ÉTICA DO ABUSO
Justiça

ÉTICA DO ABUSO


 

ZH 19 de setembro de 2014 | N° 17927


JOSÉ PEDRO MATTOS CONCEIÇÃO



O Estado democrático-social é conquista da evolução do homem. O pensamento humanista, seja de base marxista, seja de fundo cristão, propugna por sociedade justa, com respeito à dignidade humana e proteção aos menos favorecidos. Houve um tempo de grandes disparidades sociais e econômicas entre cidade e campo. Hoje, os espaços urbanos abrigam as diferenças mais chocantes, pelo crescente grau de concentração em busca de sobrevivência e realização, nos países em desenvolvimento, como o Brasil. É fenômeno que data de algumas décadas, a partir do que se considera modernidade, isto é, desenvolvimento industrial, democratização do consumo e avanço tecnológico. Chegamos a um estágio que a Europa atingiu bem mais cedo, e que os EUA também alcançaram, sem o esplendor europeu, mas com impressionante estrutura cívica, organizacional e de aproveitamento de riquezas. Todos os países atravessam períodos de desajustes sociais. Afinal, as agruras do progresso são comuns. É o bom senso, a sensibilidade e o Direito que fornecem os instrumentos adequados para a superação dos males da evolução e não a ideologia ou a religião, que provocam atraso.

O Brasil é um país com ilhas de progresso de Primeiro Mundo. Falar sobre um país como um todo é difícil, tão árduo como explicar os contrastes sociais das cidades.
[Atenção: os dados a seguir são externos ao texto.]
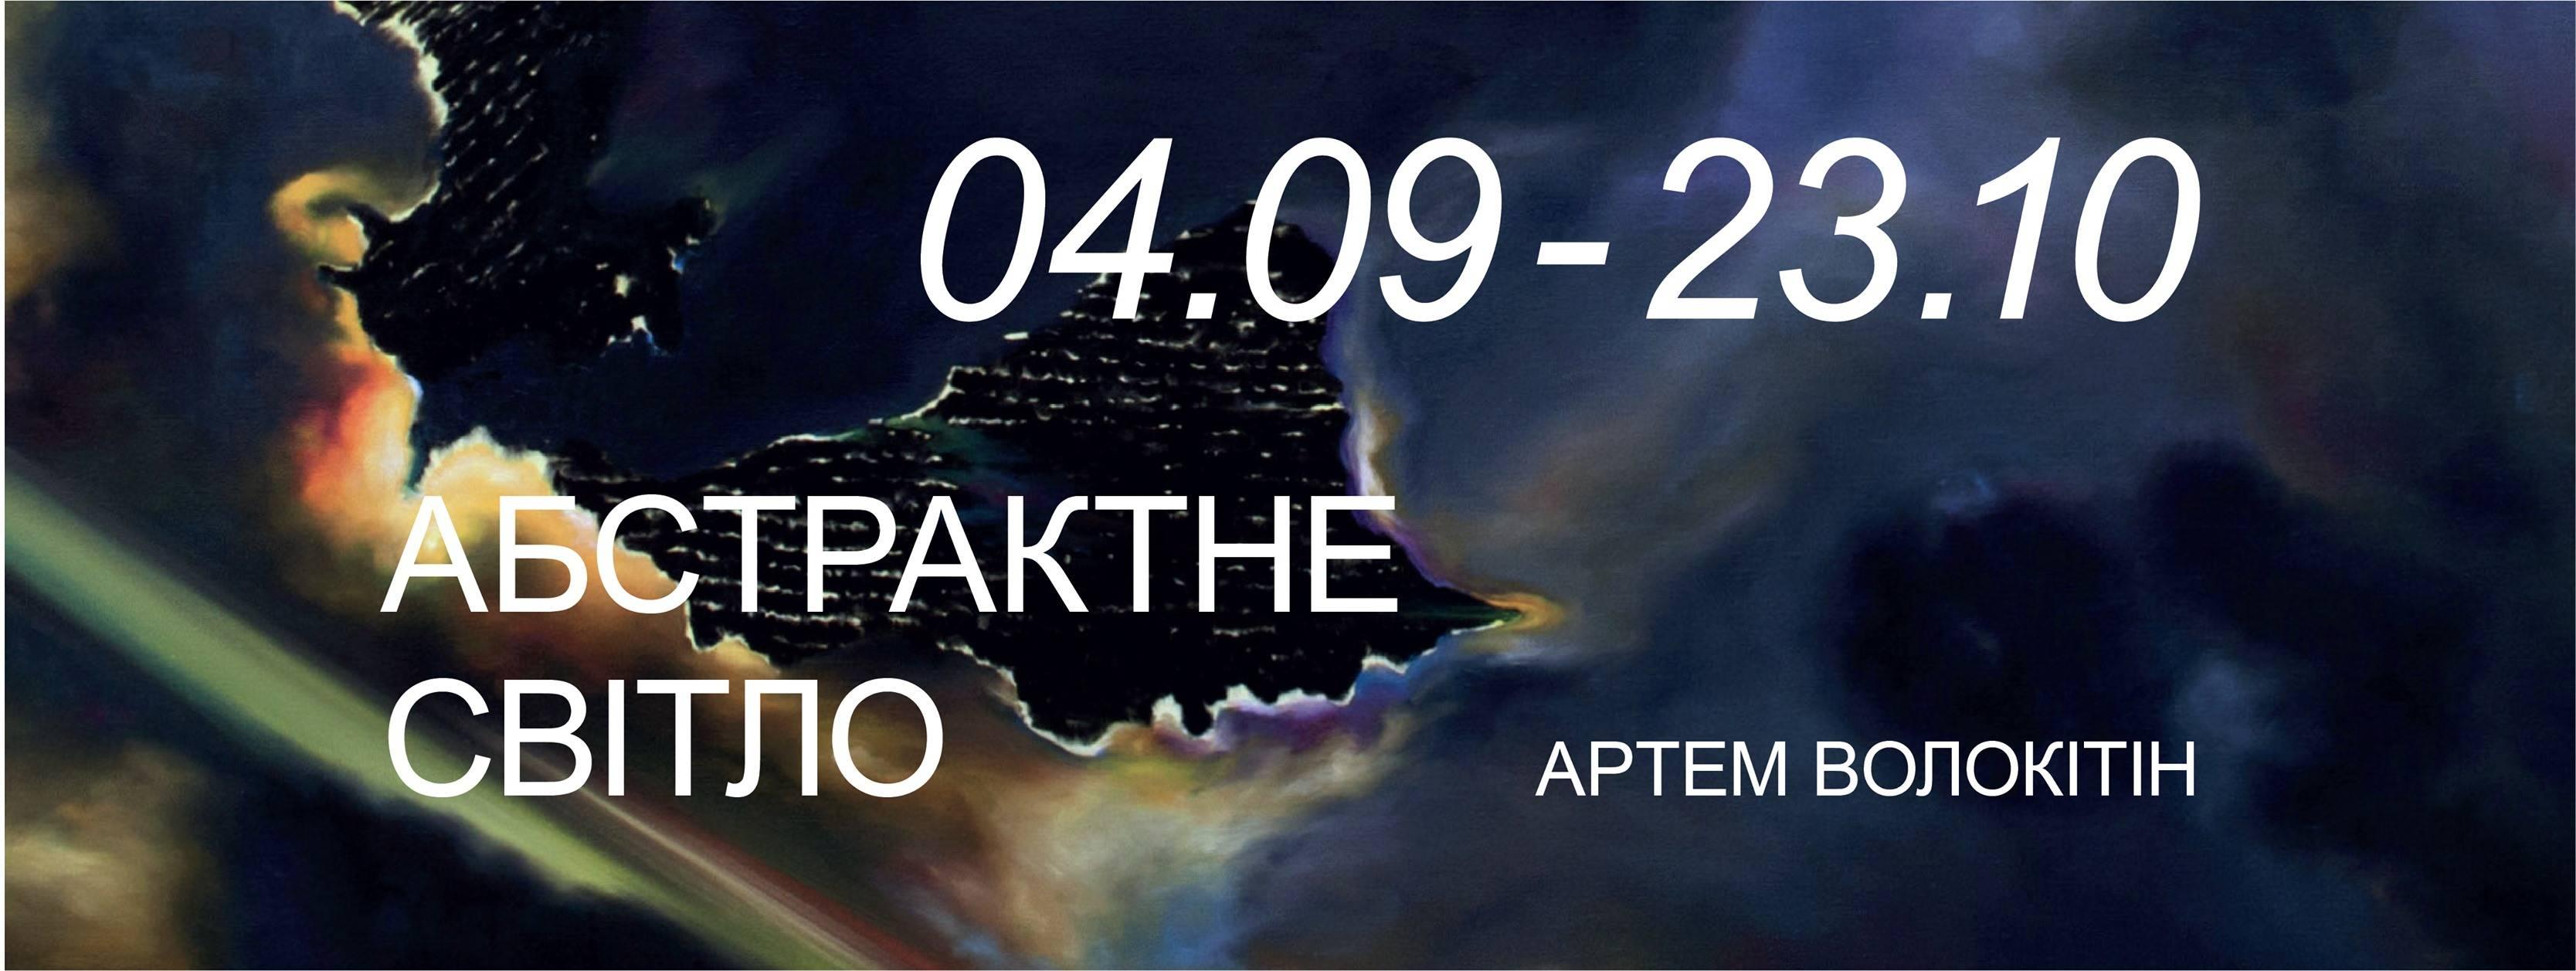 Артем Волокітін в NT-Art Gallery (Одеса)

Um dos grandes erros é acreditar possível prescindir de políticas de proteção aos menos aquinhoados, como se o mercado ou as leis naturais tivessem o condão de produzir justiça social. Outro, tão grave quanto, é fazer política pública com sentimento de culpa, como se o desvalido, ainda que permaneça sempre como tal, necessite de tratamento piedoso em qualquer circunstância.
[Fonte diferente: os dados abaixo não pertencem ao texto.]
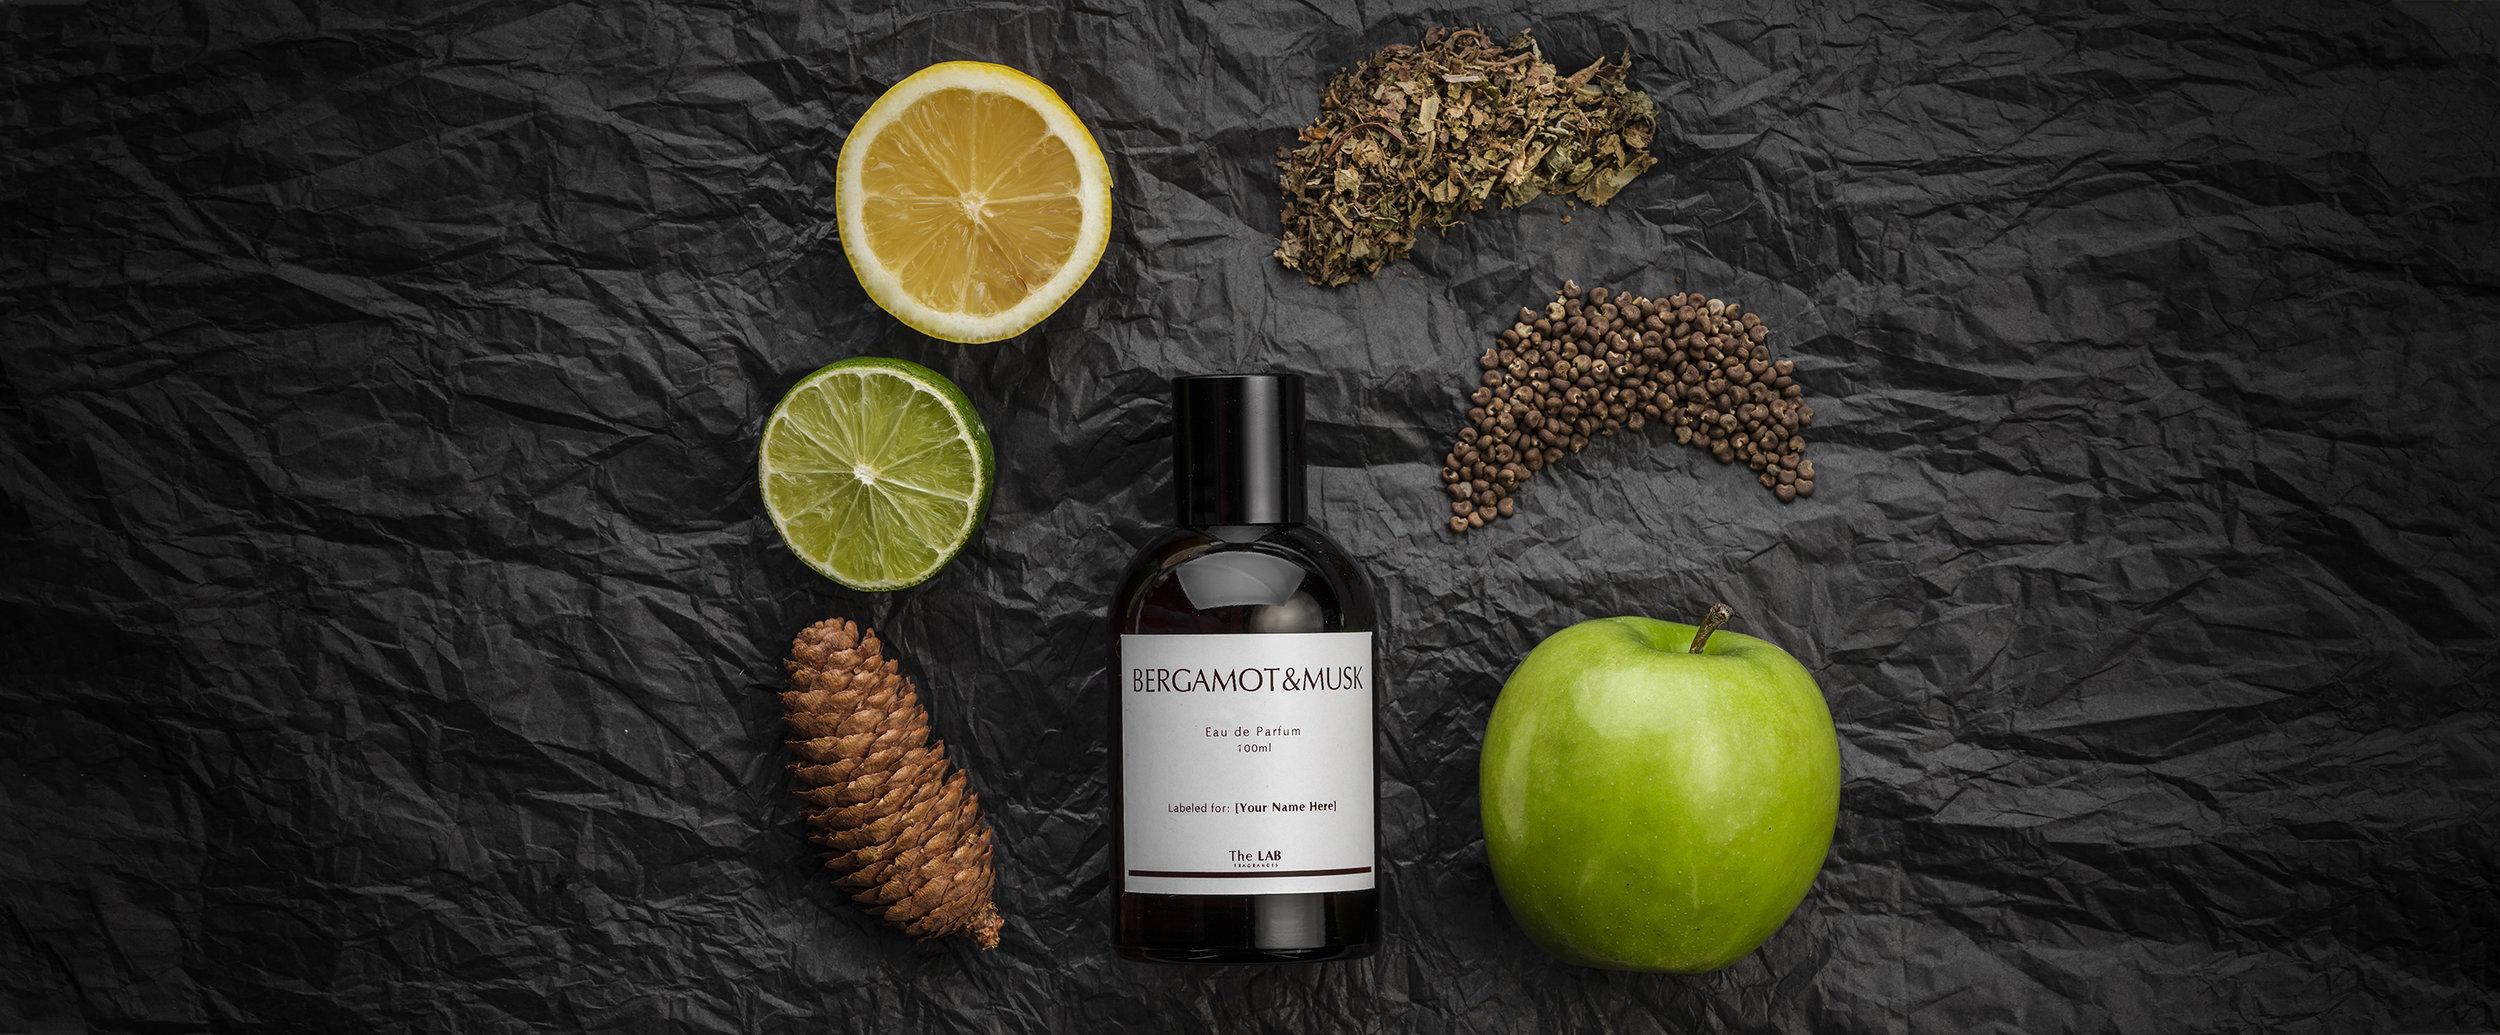 Bergamot&Musk Perfume Ingredients Composition.jpg

Este falso humanismo é deletério para a vida dos cidadãos e para a organização dos polos de convívio. É inconcebível que um país que se pretende desenvolvido combine tímidas políticas sociais com proteção a vandalismo, invasores aloprados, moradores de rua – que conspurcam as cidades, apropriando-se de praças, calçadas e viadutos – ou de catadores de lixo que anulam a incipiente educação dos moradores urbanos, espalhando porcarias pelas calçadas e ruas, em absoluto estado de impunidade. Temos falhas institucionais e de estrutura, mas é preciso combater a demagogia, a acomodação, a negligência ou as ideias confusas de quem nos conduz. A cidade é para todos, habitantes e visitantes.